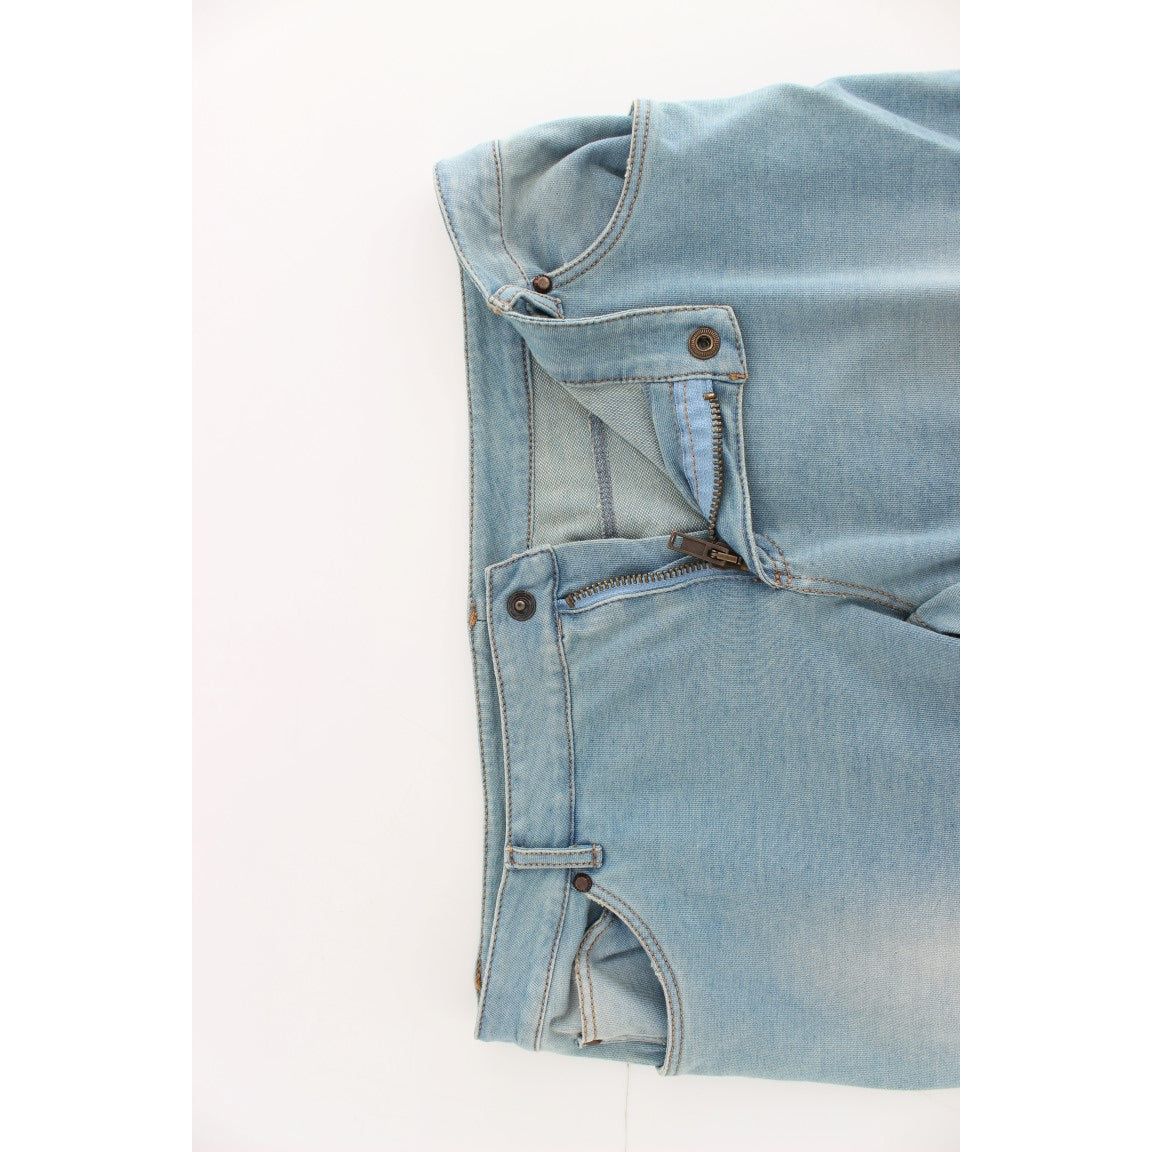 Ermanno Scervino Elegant Light Blue Capri Jeans Jeans & Pants blue-capri-pants-cropped-jeans
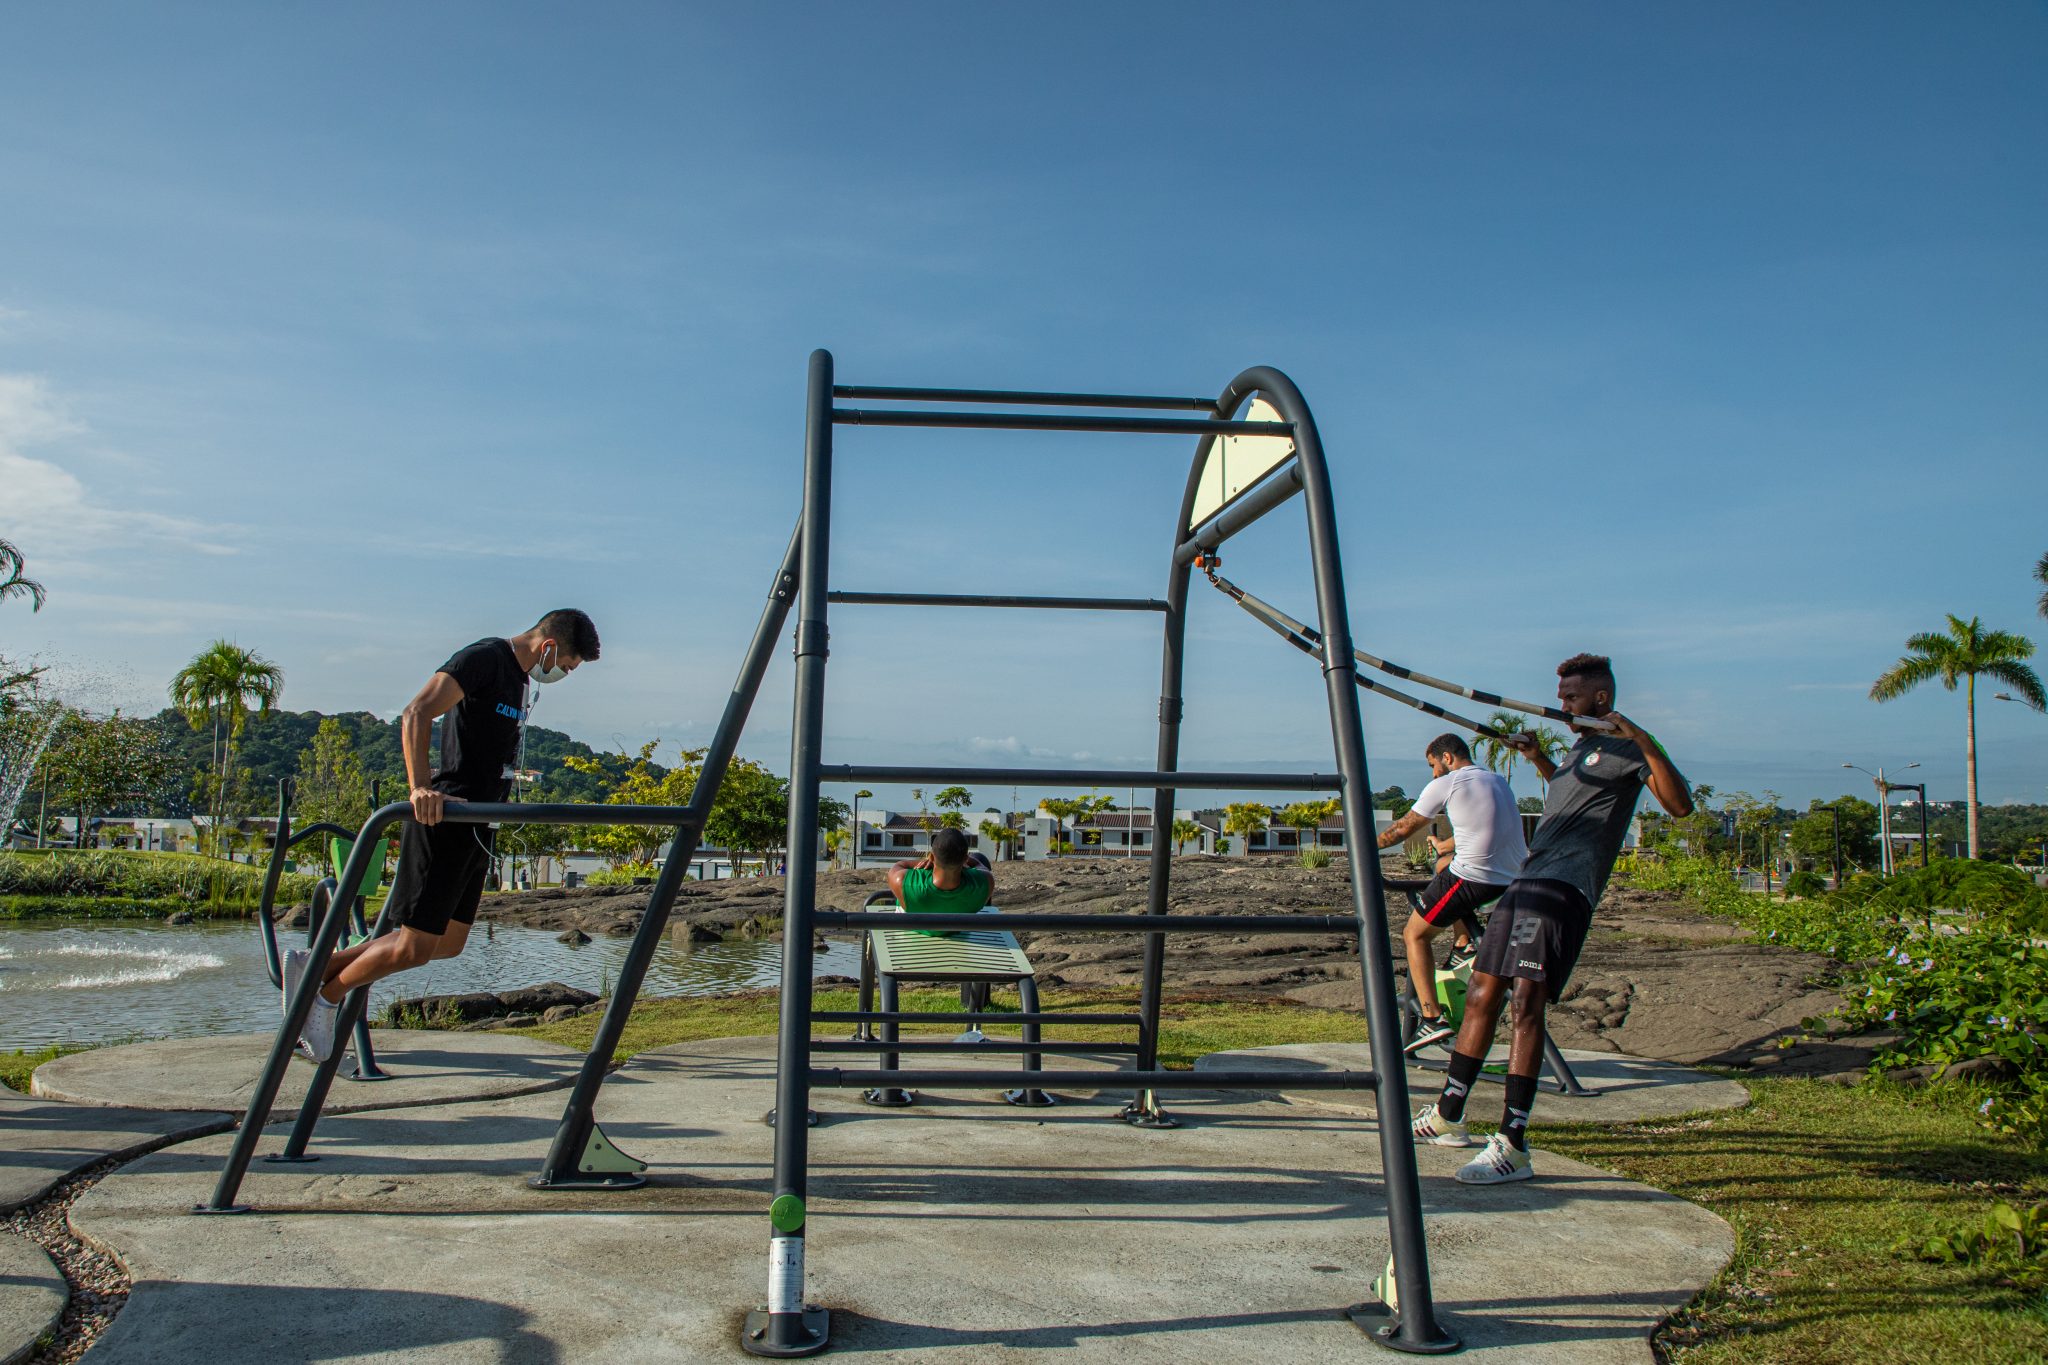 Personas ejercitándose en el área de gimnasio exterior en el Parque RACH en Paseo del Norte.
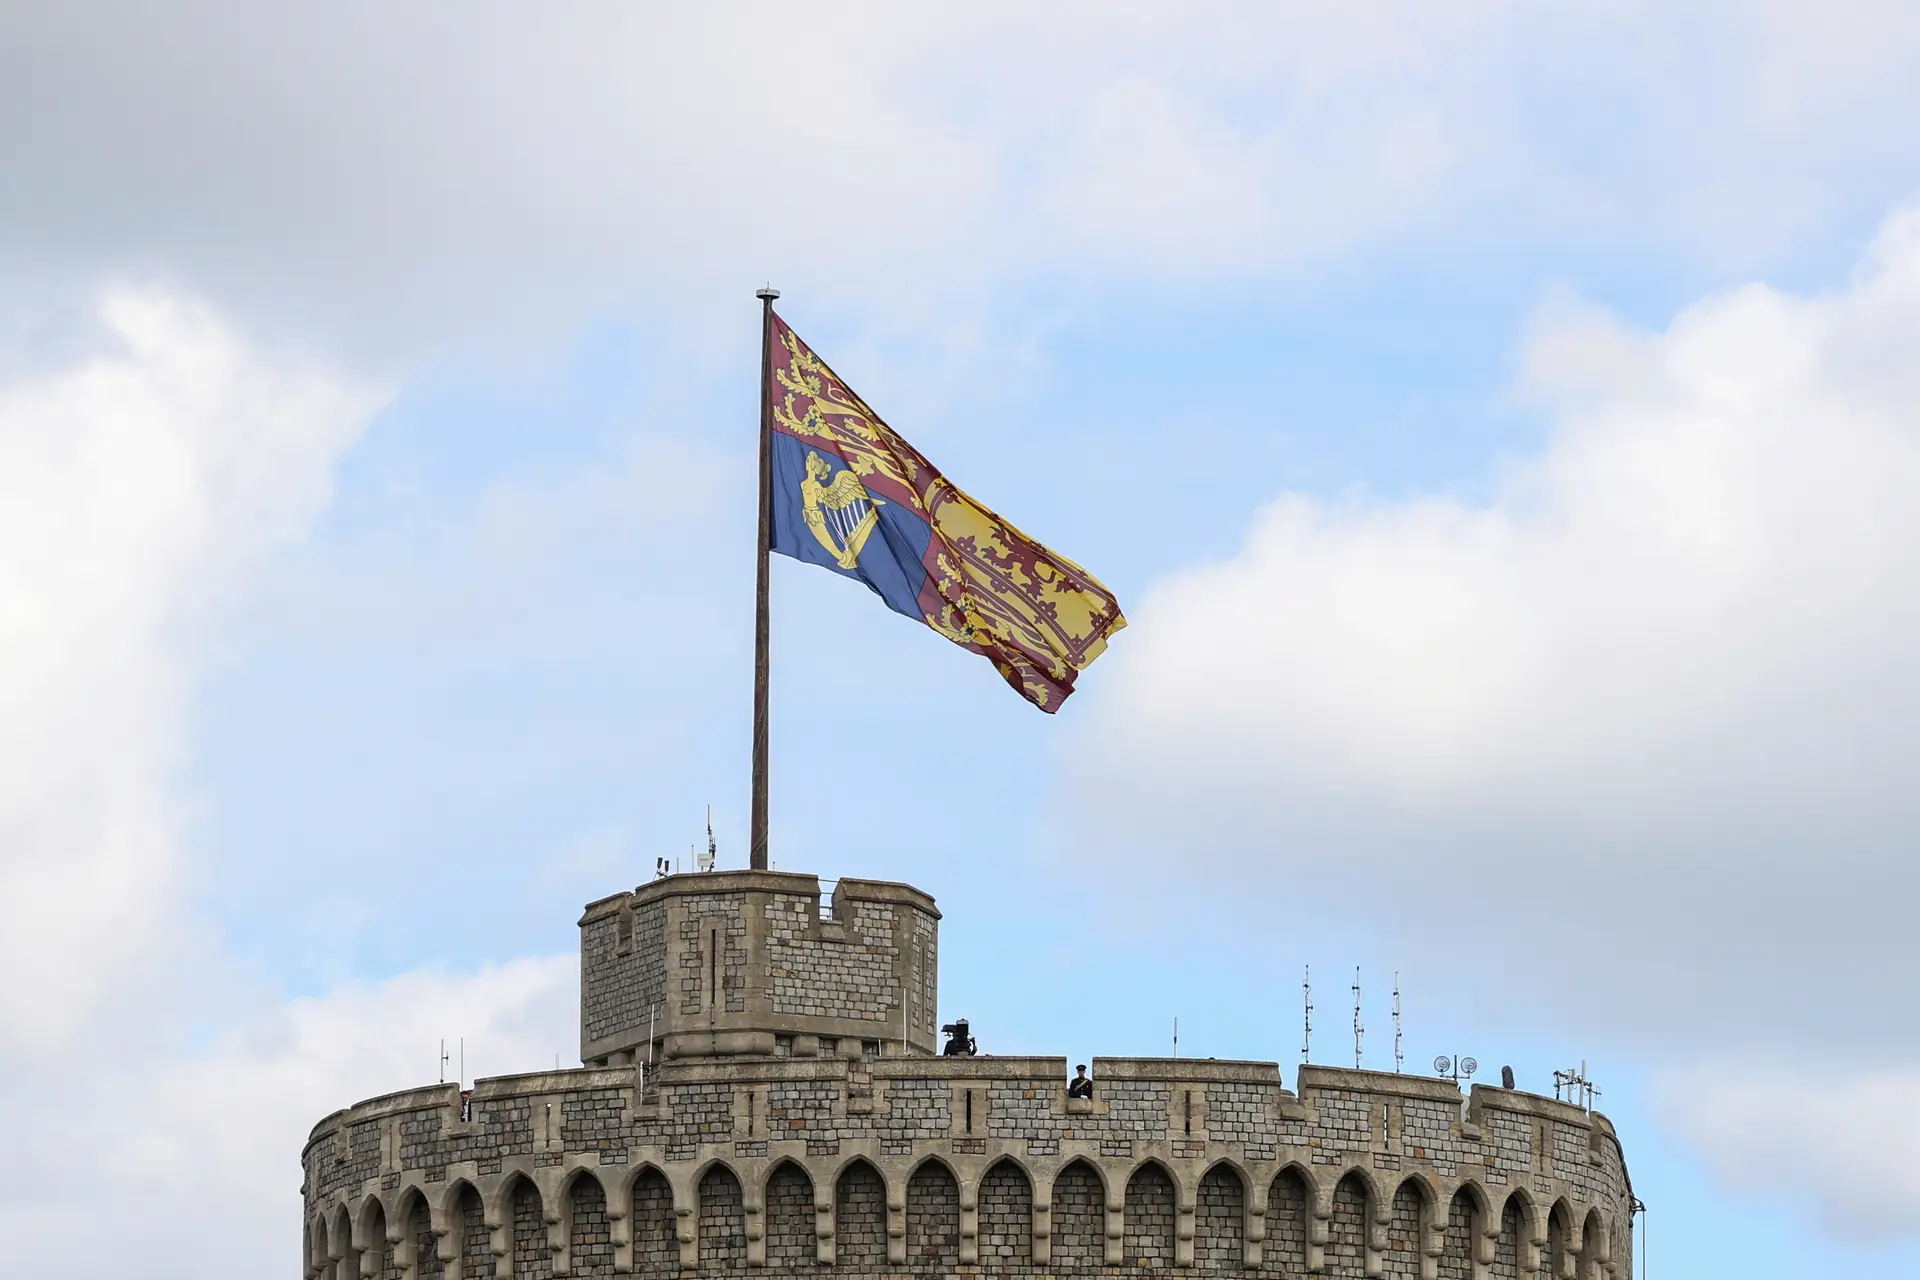 Castelo de Windsor, Reino Unido.
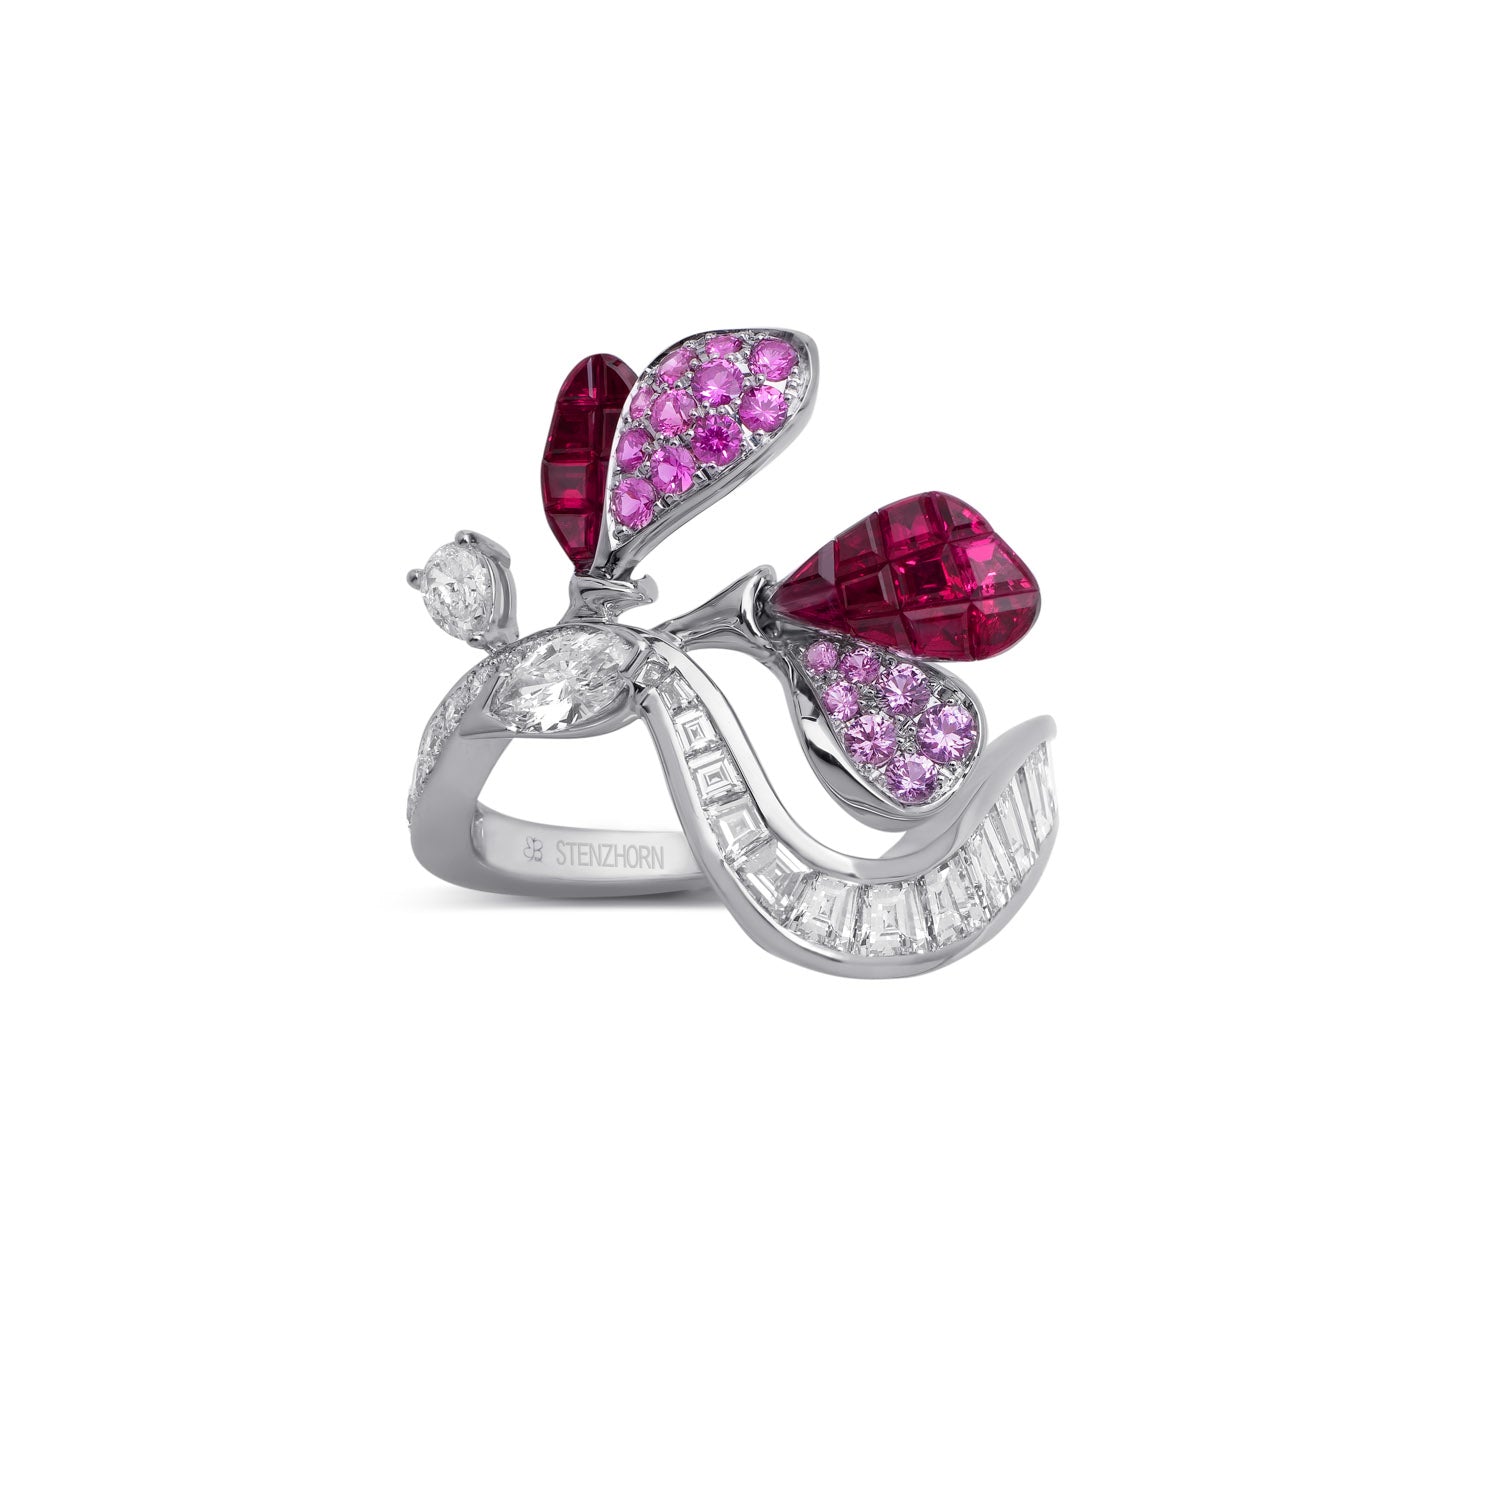 À FLEUR DE PARIS Ruby and Pink Sapphire Ring
#####
Task statement - Return the listing above in full and without alteration, excluding its pictures.

Solution to the exercise -
 Ermanno Scervino Elegant Light Blue Capri Jeans Jeans & Pants blue-capri-pants-cropped-jeans
 Personas ejercitándose en el área de gimnasio exterior en el Parque RACH en Paseo del Norte.
 Castelo de Windsor, Reino Unido.
 À FLEUR DE PARIS Ruby and Pink Sapphire Ring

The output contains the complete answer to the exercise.